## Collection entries
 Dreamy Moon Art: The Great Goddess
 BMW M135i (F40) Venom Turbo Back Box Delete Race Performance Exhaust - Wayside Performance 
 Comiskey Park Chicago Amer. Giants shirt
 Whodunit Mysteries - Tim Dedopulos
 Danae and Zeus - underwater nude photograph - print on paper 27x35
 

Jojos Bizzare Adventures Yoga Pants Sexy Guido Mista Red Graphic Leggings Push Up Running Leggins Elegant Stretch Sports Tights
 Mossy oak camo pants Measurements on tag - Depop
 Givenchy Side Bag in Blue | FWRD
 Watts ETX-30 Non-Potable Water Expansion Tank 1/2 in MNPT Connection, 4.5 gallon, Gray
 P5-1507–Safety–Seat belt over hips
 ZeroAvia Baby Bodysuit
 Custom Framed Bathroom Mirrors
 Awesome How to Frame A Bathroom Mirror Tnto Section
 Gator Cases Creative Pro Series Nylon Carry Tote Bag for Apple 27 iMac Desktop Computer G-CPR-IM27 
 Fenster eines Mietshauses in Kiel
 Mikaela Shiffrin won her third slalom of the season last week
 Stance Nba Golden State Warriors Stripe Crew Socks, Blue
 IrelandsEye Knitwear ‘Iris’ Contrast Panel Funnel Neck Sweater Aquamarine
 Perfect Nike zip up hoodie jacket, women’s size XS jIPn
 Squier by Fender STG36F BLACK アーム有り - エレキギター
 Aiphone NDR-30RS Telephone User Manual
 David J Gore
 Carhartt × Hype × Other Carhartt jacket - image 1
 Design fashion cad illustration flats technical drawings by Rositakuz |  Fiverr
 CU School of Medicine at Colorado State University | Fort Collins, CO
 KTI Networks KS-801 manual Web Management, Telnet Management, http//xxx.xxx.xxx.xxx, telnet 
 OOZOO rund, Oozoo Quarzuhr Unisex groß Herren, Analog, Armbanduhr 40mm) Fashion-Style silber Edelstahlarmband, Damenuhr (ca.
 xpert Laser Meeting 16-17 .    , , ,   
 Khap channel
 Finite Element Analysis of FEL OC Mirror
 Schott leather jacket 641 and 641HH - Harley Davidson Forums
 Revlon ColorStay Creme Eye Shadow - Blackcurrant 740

## About this exercise
The required output is the entries from their opening line through the line holding "Danae and Zeus", repeated exactly, with both end lines kept.

## Result
 Dreamy Moon Art: The Great Goddess
 BMW M135i (F40) Venom Turbo Back Box Delete Race Performance Exhaust - Wayside Performance 
 Comiskey Park Chicago Amer. Giants shirt
 Whodunit Mysteries - Tim Dedopulos
 Danae and Zeus - underwater nude photograph - print on paper 27x35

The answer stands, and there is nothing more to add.